[WHAT YOU SHOULD DO]:
Beginning with the line that holds "Cudahy Library", copy each line exactly through the end of the entries, but leave the pictures out.

(Stored data)
==========

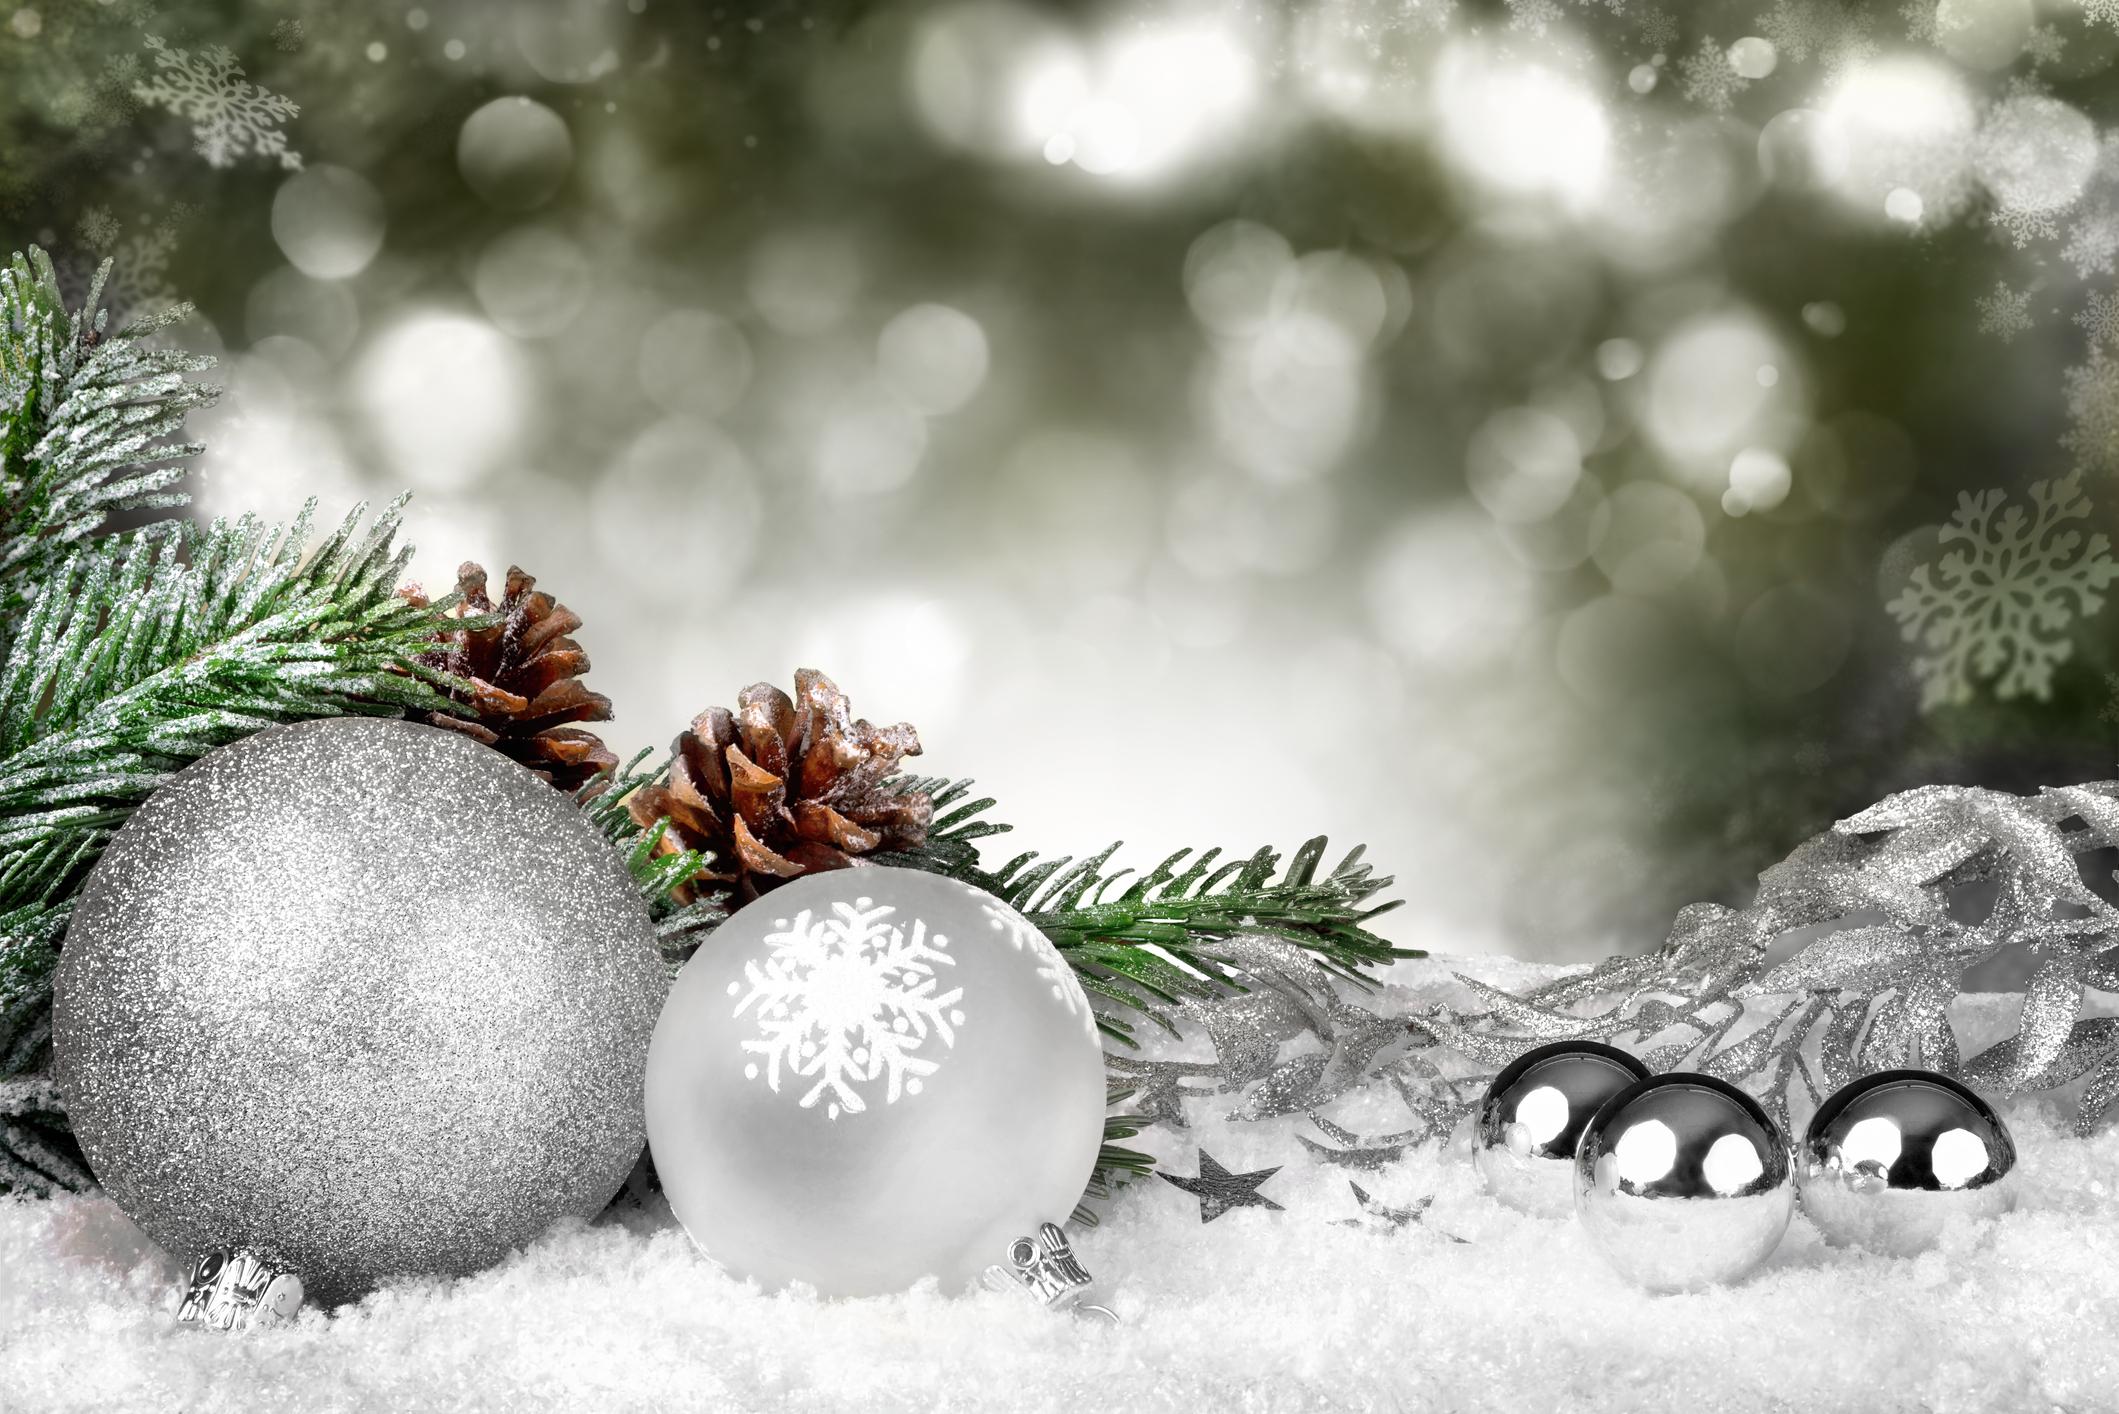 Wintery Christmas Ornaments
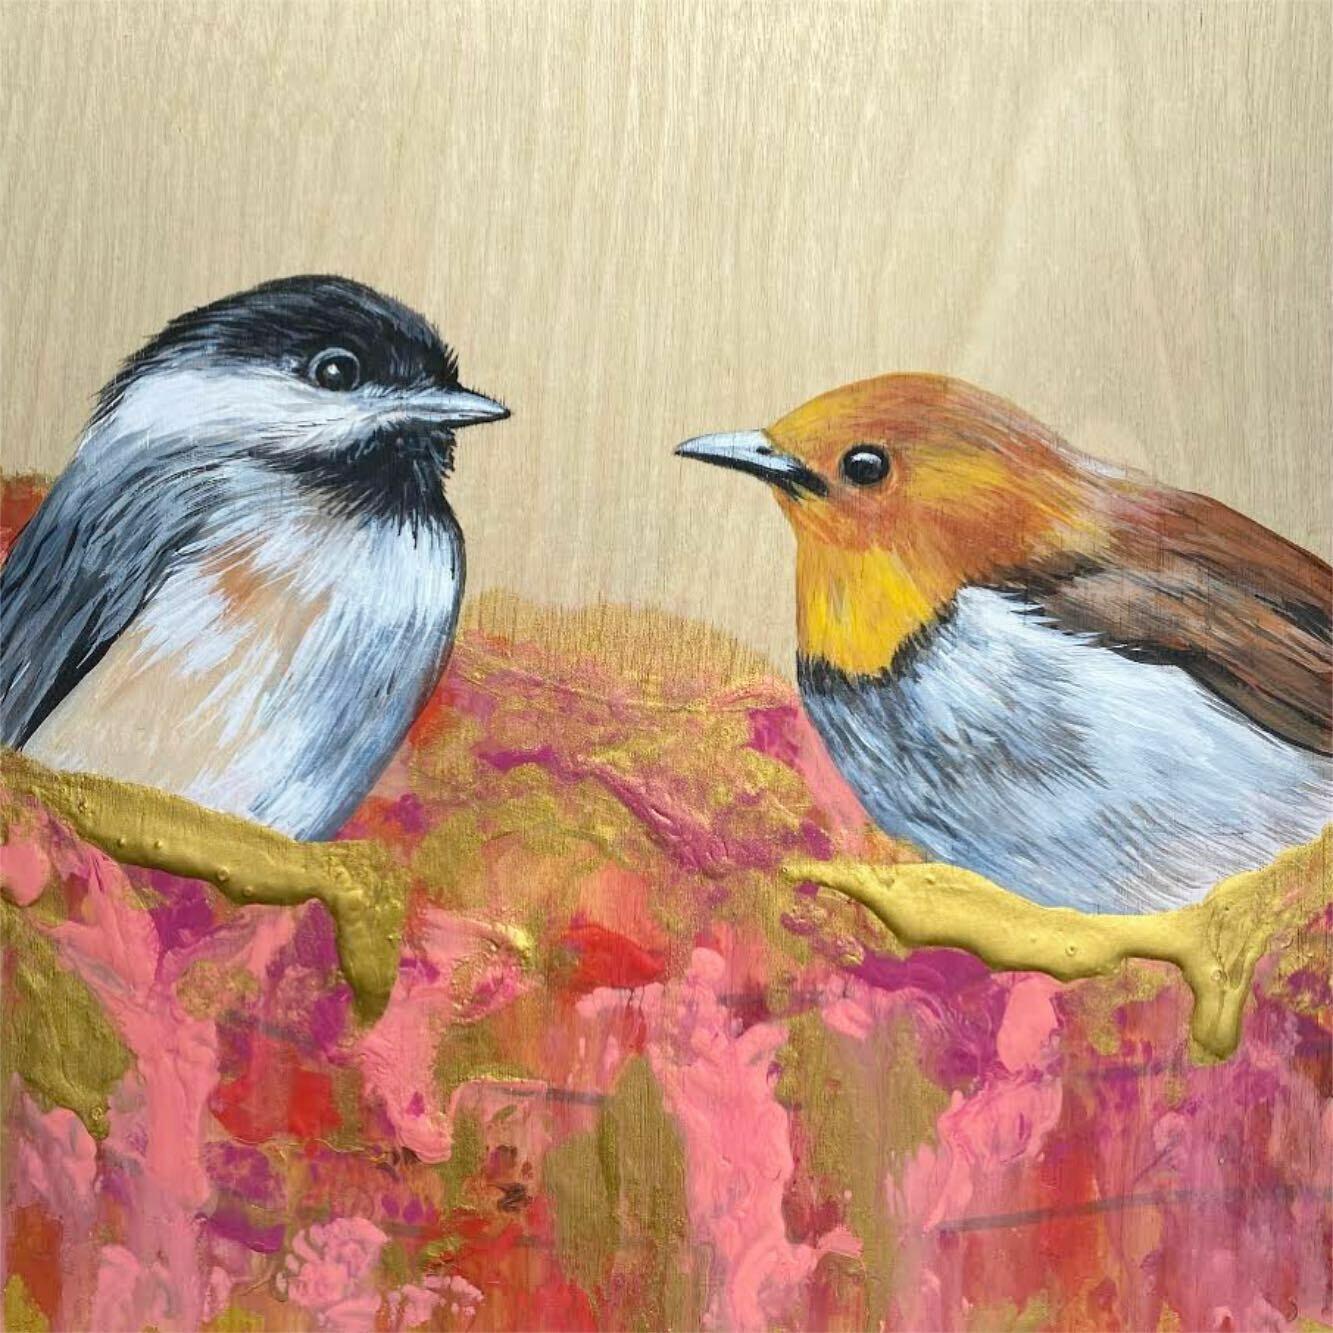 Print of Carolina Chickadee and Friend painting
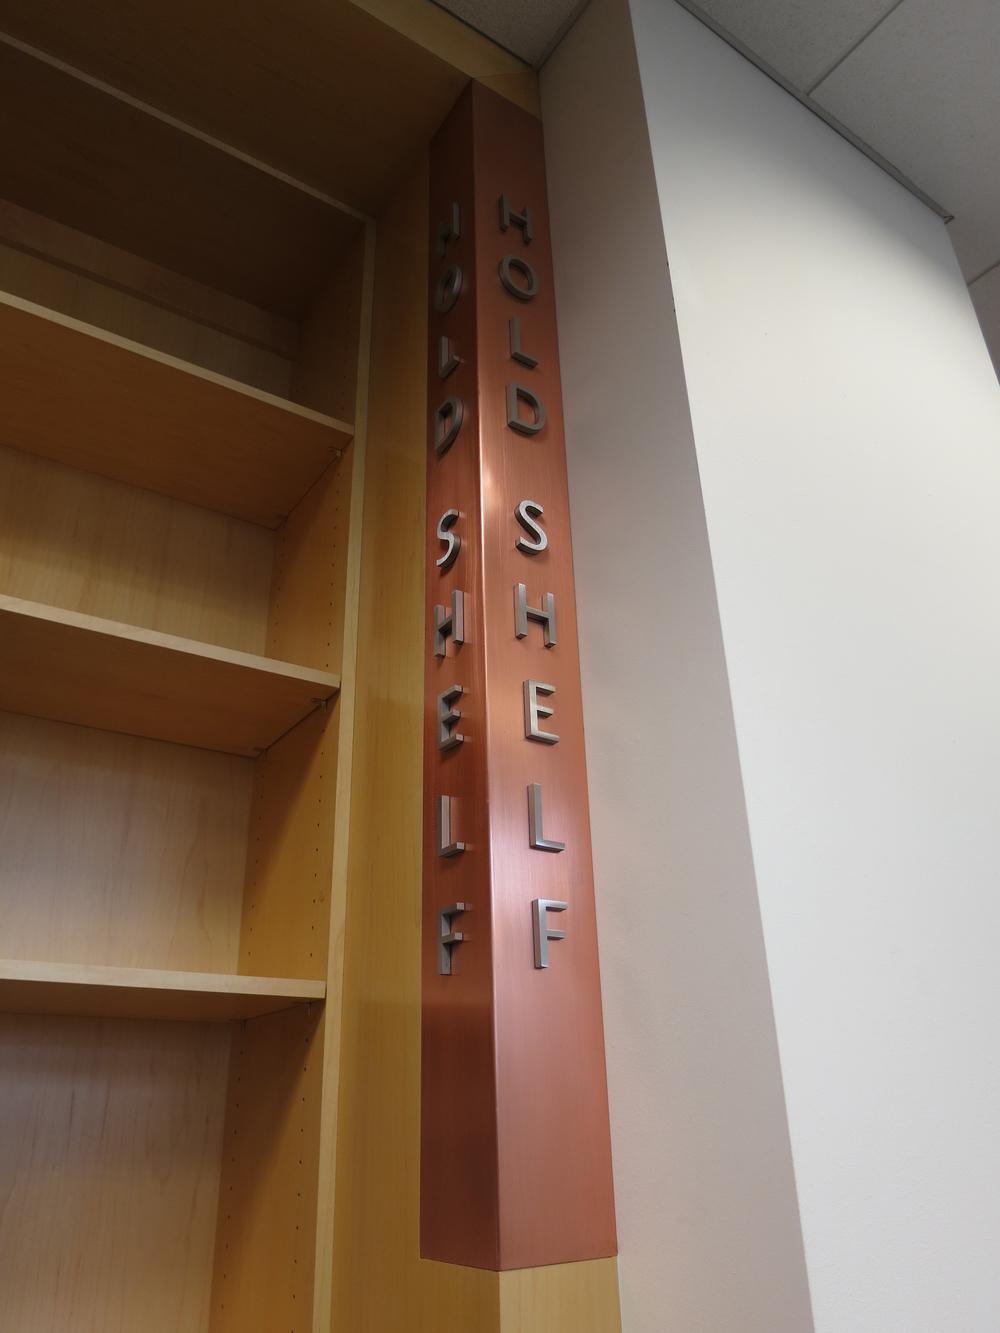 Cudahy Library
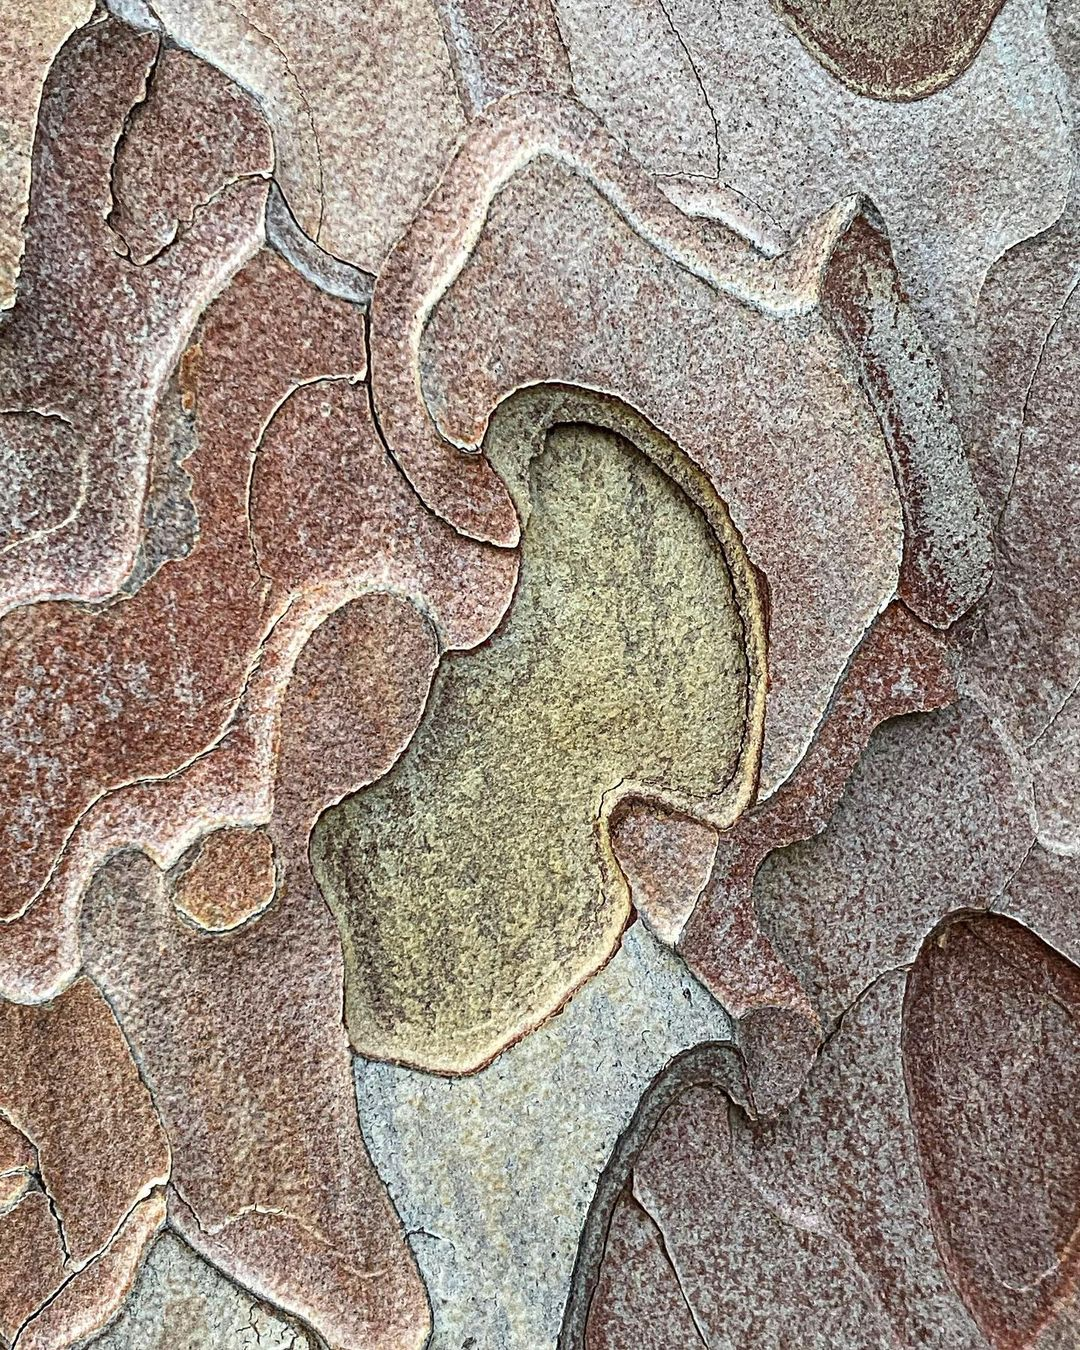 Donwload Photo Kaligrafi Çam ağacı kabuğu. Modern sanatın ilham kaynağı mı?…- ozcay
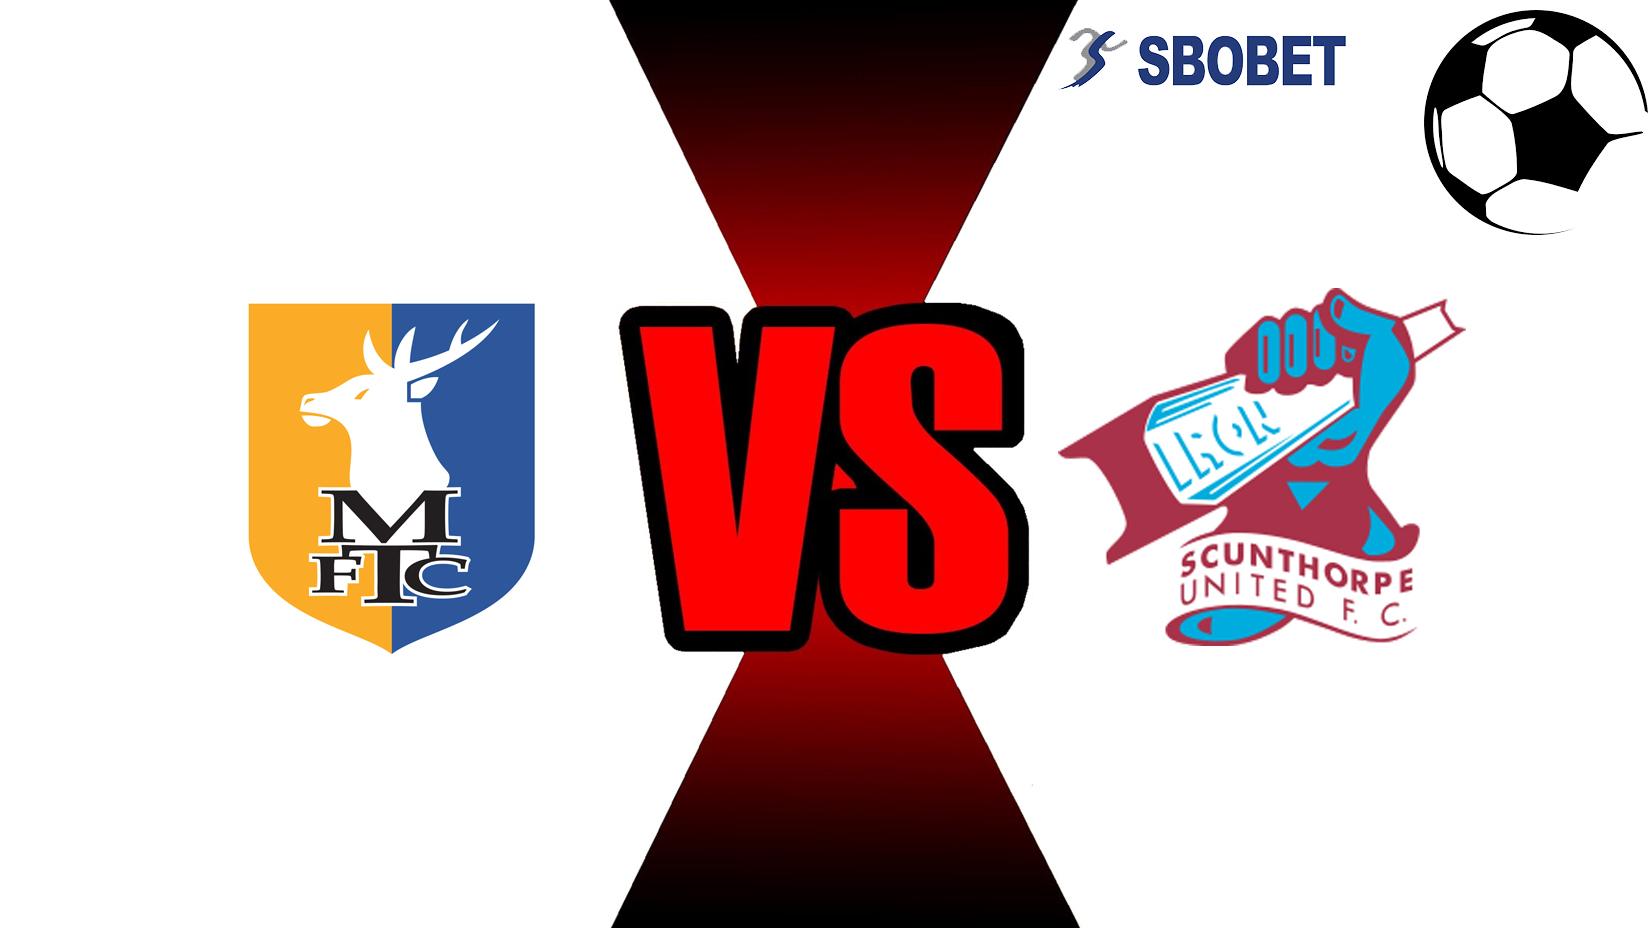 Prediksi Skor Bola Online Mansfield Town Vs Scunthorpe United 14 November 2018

==========

[WRITTEN RESPONSE]:
 Cudahy Library
 Donwload Photo Kaligrafi Çam ağacı kabuğu. Modern sanatın ilham kaynağı mı?…- ozcay
 Prediksi Skor Bola Online Mansfield Town Vs Scunthorpe United 14 November 2018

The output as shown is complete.